[[ AVAILABLE DATA open ]]

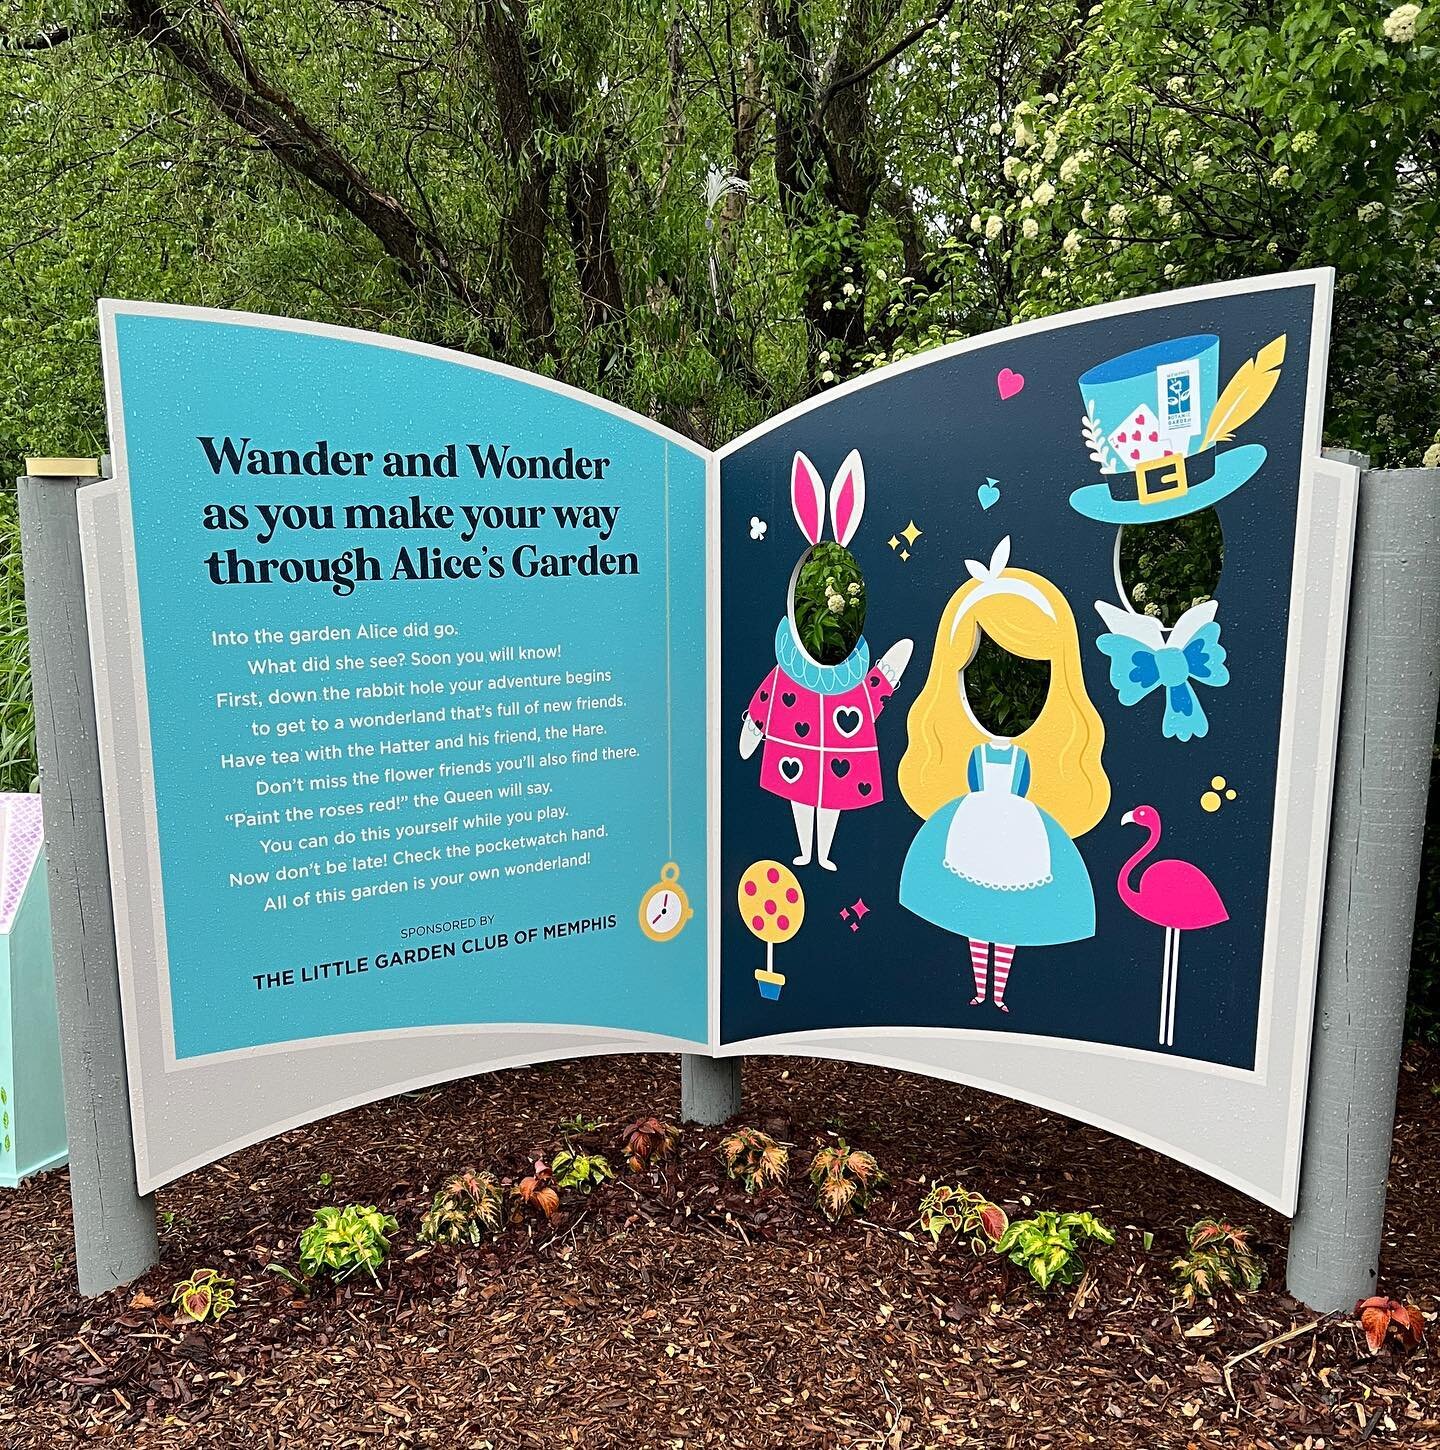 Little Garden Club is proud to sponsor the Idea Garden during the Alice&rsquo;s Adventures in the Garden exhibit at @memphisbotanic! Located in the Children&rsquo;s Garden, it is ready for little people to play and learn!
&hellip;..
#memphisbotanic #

[[ AVAILABLE DATA closed ]]
[[ AVAILABLE DATA open ]]

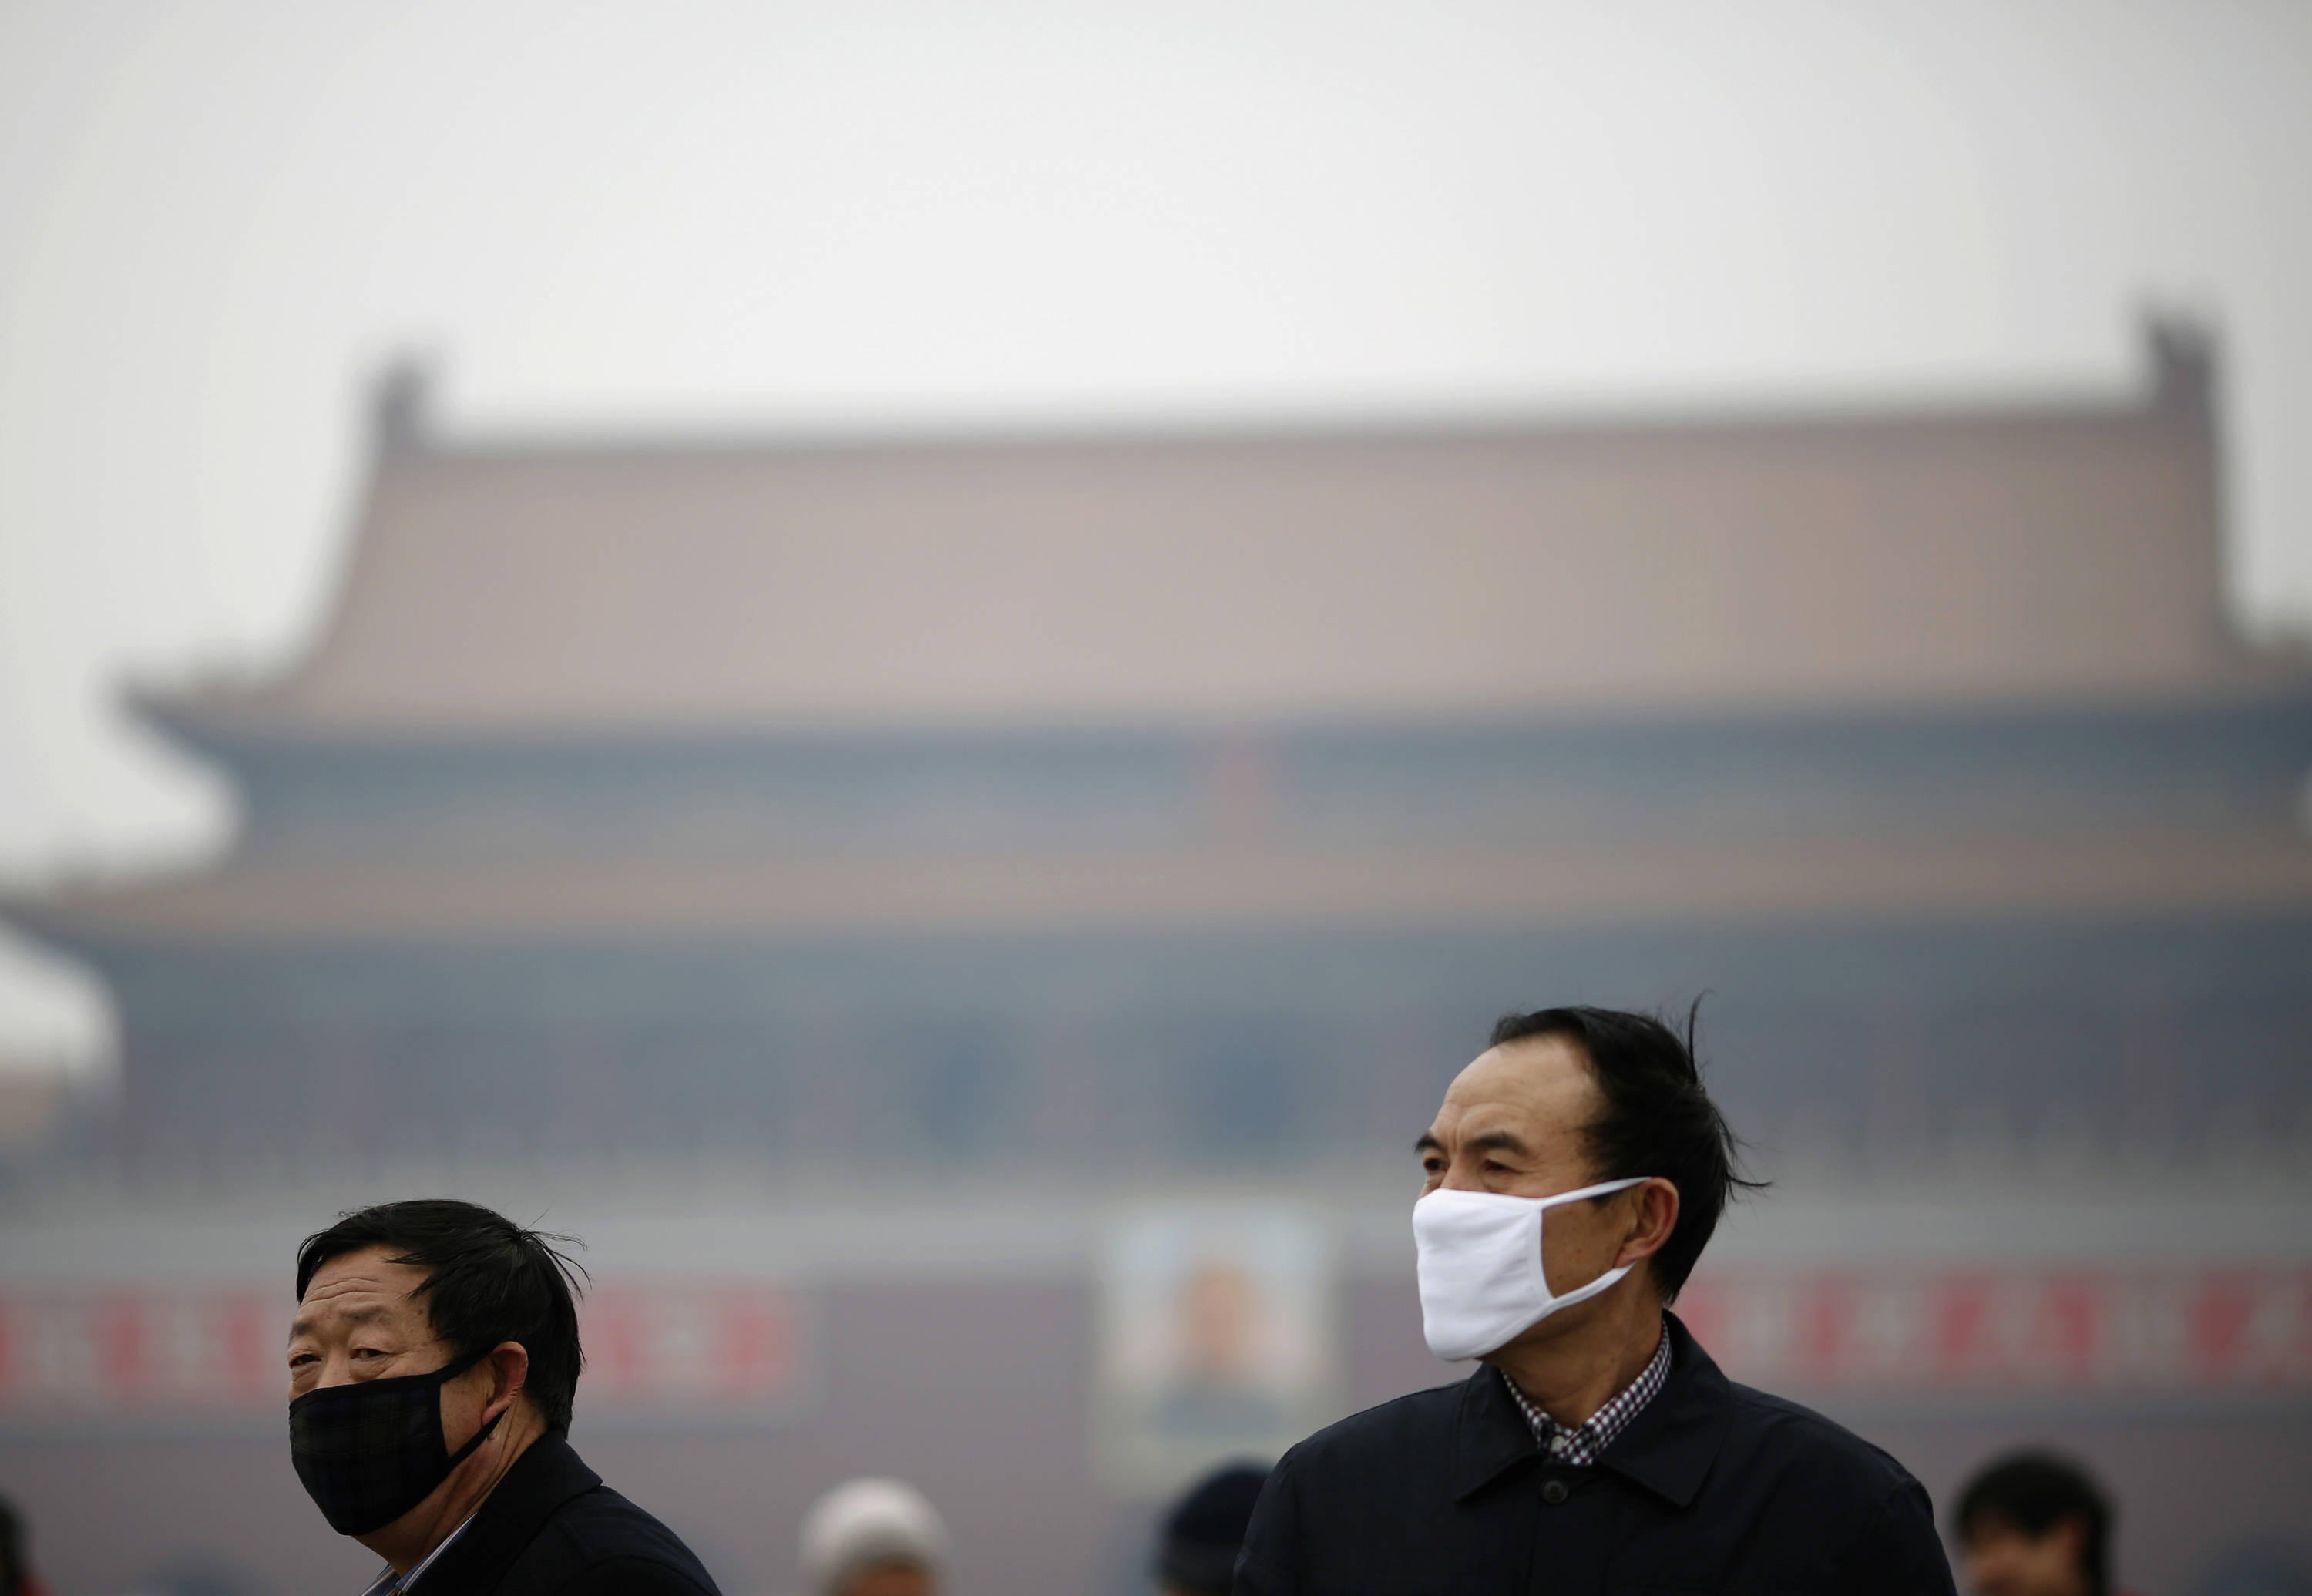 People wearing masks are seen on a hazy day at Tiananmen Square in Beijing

[[ AVAILABLE DATA closed ]]

EXERCISE INSTRUCTIONS: Print exactly the lines above that run from the one with "Little Garden Club" to the one with "#memphisbotanic #", both included. No pictures.

FINISHED TASK:
 Little Garden Club is proud to sponsor the Idea Garden during the Alice&rsquo;s Adventures in the Garden exhibit at @memphisbotanic! Located in the Children&rsquo;s Garden, it is ready for little people to play and learn!
&hellip;..
#memphisbotanic #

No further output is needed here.